__TASK__: In the material below, find the line that contains "[Imágenes] Iguazú Falls: este" and the line that contains "Fig. 52. Querschnitt", then write out exactly those two lines and everything between them.

__RECORDS FOR THIS TASK__:
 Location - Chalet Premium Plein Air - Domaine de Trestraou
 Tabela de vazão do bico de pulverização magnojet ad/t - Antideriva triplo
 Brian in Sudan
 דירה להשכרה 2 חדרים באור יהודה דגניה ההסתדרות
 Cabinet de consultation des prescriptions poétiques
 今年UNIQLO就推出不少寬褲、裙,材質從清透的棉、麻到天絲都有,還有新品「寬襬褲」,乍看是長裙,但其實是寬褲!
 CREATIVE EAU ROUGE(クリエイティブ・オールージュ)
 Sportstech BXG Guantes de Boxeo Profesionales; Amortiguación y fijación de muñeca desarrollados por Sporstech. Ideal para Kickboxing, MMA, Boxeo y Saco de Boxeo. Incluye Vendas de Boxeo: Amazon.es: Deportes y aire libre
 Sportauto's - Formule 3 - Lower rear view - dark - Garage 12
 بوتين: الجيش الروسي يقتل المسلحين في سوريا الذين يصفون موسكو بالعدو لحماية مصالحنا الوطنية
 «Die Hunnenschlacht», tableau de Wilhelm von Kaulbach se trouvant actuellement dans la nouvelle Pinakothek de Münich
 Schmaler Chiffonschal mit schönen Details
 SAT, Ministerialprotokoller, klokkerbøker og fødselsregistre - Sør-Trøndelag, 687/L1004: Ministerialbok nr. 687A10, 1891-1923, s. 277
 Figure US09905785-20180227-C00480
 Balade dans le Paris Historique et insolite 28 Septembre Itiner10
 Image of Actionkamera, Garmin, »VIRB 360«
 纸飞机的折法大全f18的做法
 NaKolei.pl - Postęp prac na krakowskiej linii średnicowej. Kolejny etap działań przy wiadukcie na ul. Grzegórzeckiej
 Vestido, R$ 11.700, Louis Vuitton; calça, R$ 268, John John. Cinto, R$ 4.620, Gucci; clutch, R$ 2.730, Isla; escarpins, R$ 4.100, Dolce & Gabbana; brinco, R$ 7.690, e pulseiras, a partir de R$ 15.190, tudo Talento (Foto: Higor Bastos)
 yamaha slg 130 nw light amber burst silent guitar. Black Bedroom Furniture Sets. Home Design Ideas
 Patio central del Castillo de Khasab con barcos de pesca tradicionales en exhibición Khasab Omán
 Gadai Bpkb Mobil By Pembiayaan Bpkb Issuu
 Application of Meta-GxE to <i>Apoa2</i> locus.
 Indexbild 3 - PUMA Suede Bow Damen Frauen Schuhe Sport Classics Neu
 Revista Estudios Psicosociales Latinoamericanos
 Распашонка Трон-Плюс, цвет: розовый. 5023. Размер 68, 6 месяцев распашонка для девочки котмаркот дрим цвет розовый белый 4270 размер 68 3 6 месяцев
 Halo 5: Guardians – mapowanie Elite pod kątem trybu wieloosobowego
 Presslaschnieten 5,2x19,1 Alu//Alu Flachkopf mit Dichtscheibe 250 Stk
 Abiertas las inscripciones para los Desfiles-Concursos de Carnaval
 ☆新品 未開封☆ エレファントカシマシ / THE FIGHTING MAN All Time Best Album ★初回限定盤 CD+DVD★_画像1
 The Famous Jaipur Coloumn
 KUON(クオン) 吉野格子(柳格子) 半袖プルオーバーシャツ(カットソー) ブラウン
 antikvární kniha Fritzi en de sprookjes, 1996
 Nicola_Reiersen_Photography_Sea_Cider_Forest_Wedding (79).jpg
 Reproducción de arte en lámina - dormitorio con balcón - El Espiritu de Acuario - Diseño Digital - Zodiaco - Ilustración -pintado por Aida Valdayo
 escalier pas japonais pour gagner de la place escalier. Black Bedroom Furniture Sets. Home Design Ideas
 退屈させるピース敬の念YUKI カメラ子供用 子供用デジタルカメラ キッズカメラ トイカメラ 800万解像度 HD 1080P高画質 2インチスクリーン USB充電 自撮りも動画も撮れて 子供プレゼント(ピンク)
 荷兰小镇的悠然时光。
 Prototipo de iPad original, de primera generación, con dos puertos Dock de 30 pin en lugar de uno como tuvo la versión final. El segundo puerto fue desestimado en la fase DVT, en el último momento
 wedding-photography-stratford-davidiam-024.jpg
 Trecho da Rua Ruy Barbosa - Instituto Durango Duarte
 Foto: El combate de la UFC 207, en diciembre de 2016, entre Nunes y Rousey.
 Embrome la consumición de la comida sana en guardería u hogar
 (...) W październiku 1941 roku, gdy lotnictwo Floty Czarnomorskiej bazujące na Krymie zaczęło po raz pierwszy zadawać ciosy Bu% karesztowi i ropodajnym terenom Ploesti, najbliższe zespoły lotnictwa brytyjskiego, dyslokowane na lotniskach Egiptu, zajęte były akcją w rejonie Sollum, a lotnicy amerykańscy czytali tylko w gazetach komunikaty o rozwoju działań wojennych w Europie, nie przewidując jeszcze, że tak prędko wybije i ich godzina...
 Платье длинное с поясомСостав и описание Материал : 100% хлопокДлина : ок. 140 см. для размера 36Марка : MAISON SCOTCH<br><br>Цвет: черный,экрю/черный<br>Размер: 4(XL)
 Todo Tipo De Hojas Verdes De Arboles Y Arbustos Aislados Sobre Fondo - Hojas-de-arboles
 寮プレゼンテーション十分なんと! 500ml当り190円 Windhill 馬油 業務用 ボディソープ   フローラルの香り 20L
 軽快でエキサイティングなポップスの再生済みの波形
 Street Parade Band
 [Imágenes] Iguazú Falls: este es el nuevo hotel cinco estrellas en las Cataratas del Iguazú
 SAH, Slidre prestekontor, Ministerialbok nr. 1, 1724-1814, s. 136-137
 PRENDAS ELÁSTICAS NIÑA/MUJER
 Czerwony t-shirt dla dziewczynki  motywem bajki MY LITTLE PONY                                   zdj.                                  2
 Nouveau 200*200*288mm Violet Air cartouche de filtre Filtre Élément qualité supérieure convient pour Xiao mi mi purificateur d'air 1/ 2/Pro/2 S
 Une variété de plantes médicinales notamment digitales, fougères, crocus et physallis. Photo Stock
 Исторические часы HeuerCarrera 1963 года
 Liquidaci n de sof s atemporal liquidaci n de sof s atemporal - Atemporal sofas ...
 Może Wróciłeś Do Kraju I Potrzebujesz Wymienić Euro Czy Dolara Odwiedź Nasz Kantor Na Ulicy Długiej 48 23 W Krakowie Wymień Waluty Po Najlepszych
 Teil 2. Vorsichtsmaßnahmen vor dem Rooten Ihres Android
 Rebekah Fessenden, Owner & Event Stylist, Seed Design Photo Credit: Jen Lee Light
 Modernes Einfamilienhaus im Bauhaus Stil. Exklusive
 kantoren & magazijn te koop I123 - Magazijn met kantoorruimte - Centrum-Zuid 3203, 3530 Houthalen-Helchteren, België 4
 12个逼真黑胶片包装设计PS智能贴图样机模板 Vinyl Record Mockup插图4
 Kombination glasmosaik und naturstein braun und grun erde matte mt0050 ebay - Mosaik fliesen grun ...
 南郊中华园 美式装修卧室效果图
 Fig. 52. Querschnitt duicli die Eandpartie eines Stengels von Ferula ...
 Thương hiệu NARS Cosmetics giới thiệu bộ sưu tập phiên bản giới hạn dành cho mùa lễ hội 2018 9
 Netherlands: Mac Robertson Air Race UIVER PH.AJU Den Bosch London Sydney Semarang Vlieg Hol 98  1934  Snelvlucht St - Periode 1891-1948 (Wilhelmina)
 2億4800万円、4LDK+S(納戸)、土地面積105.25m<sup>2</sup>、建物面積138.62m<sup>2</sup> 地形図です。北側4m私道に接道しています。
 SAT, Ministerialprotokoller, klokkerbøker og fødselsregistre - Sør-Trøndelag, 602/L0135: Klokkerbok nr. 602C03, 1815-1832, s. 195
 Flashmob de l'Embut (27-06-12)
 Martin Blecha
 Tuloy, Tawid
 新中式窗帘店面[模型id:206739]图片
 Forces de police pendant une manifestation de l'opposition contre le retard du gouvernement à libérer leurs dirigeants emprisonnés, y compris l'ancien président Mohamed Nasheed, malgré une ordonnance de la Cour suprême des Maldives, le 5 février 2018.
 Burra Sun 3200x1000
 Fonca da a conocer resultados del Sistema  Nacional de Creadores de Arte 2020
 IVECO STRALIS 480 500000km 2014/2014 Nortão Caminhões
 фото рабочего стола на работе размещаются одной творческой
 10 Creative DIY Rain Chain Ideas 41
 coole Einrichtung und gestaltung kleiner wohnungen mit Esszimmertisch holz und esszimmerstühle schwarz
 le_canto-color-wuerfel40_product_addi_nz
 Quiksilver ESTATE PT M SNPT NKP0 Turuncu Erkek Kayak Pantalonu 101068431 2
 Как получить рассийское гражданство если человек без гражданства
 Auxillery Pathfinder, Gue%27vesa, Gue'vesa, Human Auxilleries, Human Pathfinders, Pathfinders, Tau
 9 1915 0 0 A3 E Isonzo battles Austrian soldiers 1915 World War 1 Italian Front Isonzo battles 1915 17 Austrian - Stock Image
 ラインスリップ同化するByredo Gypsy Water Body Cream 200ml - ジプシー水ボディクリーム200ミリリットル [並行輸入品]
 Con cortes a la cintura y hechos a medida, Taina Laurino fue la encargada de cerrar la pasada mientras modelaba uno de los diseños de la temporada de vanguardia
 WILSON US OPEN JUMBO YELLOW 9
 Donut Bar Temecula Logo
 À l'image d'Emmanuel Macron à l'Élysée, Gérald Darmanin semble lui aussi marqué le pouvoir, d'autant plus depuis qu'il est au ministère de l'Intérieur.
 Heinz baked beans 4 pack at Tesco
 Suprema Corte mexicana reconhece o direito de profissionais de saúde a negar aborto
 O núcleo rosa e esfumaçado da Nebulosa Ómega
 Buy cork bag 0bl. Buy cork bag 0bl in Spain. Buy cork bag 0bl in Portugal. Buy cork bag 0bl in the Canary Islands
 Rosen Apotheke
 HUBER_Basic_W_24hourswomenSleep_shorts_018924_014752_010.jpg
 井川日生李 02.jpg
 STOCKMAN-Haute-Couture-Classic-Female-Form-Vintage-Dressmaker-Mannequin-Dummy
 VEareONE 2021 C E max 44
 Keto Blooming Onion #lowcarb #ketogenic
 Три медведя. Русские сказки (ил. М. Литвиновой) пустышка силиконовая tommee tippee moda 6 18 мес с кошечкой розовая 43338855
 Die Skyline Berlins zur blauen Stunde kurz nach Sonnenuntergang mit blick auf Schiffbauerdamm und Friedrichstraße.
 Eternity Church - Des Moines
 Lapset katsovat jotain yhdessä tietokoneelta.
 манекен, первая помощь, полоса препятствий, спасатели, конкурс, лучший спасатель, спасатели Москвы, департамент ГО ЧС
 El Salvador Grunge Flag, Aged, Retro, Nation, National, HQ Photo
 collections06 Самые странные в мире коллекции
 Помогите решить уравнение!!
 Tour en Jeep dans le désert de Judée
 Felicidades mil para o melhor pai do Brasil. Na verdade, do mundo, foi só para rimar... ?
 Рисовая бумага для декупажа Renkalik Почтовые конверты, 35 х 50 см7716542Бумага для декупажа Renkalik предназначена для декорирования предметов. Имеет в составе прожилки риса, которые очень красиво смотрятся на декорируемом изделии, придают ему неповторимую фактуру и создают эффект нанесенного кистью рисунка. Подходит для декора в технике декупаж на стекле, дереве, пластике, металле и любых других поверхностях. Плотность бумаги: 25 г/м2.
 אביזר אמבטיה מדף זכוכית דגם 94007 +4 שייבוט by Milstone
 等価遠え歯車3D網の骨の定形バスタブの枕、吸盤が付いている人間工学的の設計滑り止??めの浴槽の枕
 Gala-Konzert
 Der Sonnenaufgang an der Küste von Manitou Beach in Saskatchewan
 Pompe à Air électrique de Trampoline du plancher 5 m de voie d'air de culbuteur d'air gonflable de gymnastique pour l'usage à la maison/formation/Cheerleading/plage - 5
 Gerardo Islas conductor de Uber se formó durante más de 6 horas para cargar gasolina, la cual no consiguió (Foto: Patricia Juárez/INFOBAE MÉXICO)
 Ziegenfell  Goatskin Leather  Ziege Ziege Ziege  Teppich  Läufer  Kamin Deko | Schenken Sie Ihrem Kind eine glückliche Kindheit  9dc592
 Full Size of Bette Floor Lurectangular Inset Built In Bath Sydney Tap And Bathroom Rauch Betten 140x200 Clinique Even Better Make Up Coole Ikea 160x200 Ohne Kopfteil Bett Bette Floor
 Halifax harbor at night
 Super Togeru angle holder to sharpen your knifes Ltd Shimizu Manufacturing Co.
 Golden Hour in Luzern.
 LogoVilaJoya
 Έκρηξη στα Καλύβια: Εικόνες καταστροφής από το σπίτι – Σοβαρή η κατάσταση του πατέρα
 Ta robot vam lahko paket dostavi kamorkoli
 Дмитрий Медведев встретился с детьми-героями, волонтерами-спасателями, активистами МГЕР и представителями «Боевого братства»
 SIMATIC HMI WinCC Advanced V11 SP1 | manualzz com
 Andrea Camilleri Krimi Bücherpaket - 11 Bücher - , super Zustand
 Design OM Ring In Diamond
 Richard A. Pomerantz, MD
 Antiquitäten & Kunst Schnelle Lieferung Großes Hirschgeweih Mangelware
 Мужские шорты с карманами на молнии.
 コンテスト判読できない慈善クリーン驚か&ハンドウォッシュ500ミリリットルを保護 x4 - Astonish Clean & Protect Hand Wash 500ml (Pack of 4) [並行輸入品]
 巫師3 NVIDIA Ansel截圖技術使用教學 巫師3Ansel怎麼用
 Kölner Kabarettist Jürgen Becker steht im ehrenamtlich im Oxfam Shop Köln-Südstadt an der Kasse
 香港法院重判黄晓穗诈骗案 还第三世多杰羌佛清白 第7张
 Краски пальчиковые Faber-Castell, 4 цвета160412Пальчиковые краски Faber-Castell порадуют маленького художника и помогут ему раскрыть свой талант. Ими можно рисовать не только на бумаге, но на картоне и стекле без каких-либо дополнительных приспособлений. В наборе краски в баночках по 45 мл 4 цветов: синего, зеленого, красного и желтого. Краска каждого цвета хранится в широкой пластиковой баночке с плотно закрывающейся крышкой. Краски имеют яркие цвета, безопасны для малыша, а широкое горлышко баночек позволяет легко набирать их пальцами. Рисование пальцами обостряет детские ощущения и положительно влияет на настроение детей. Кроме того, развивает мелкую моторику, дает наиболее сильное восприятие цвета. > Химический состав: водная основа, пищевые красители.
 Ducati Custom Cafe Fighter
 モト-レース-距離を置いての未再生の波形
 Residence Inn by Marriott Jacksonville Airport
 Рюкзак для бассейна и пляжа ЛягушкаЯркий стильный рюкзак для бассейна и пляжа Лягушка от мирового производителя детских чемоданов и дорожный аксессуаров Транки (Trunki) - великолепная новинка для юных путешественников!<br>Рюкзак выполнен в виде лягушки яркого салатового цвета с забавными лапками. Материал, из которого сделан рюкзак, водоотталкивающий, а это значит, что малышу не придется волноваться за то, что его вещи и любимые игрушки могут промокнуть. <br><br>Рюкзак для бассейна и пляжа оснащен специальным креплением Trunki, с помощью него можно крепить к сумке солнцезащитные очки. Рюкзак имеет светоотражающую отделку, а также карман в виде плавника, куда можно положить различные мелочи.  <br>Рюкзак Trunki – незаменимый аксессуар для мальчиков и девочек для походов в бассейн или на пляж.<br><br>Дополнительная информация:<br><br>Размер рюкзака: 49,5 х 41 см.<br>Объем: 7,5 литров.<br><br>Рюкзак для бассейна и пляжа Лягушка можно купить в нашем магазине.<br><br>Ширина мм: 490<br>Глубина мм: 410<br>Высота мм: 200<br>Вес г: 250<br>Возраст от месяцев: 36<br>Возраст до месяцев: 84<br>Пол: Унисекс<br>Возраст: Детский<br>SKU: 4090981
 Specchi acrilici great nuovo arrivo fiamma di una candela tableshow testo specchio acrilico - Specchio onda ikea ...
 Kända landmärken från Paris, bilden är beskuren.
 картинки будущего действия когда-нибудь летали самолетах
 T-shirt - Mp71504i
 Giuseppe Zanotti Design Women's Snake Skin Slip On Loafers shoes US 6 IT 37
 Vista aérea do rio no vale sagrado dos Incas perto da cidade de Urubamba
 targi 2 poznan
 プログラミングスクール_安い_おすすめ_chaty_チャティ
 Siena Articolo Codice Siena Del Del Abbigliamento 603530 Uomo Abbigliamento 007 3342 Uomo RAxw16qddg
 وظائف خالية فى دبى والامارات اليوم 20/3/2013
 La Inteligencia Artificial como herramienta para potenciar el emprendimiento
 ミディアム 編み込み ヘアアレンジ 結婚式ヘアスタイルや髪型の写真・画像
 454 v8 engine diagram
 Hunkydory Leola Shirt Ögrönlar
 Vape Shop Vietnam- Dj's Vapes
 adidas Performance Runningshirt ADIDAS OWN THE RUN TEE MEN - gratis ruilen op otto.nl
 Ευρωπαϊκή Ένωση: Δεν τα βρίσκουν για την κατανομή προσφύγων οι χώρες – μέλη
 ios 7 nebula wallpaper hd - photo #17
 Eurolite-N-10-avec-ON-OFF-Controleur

__EXPECTED ANSWER__:
 [Imágenes] Iguazú Falls: este es el nuevo hotel cinco estrellas en las Cataratas del Iguazú
 SAH, Slidre prestekontor, Ministerialbok nr. 1, 1724-1814, s. 136-137
 PRENDAS ELÁSTICAS NIÑA/MUJER
 Czerwony t-shirt dla dziewczynki  motywem bajki MY LITTLE PONY                                   zdj.                                  2
 Nouveau 200*200*288mm Violet Air cartouche de filtre Filtre Élément qualité supérieure convient pour Xiao mi mi purificateur d'air 1/ 2/Pro/2 S
 Une variété de plantes médicinales notamment digitales, fougères, crocus et physallis. Photo Stock
 Исторические часы HeuerCarrera 1963 года
 Liquidaci n de sof s atemporal liquidaci n de sof s atemporal - Atemporal sofas ...
 Może Wróciłeś Do Kraju I Potrzebujesz Wymienić Euro Czy Dolara Odwiedź Nasz Kantor Na Ulicy Długiej 48 23 W Krakowie Wymień Waluty Po Najlepszych
 Teil 2. Vorsichtsmaßnahmen vor dem Rooten Ihres Android
 Rebekah Fessenden, Owner & Event Stylist, Seed Design Photo Credit: Jen Lee Light
 Modernes Einfamilienhaus im Bauhaus Stil. Exklusive
 kantoren & magazijn te koop I123 - Magazijn met kantoorruimte - Centrum-Zuid 3203, 3530 Houthalen-Helchteren, België 4
 12个逼真黑胶片包装设计PS智能贴图样机模板 Vinyl Record Mockup插图4
 Kombination glasmosaik und naturstein braun und grun erde matte mt0050 ebay - Mosaik fliesen grun ...
 南郊中华园 美式装修卧室效果图
 Fig. 52. Querschnitt duicli die Eandpartie eines Stengels von Ferula ...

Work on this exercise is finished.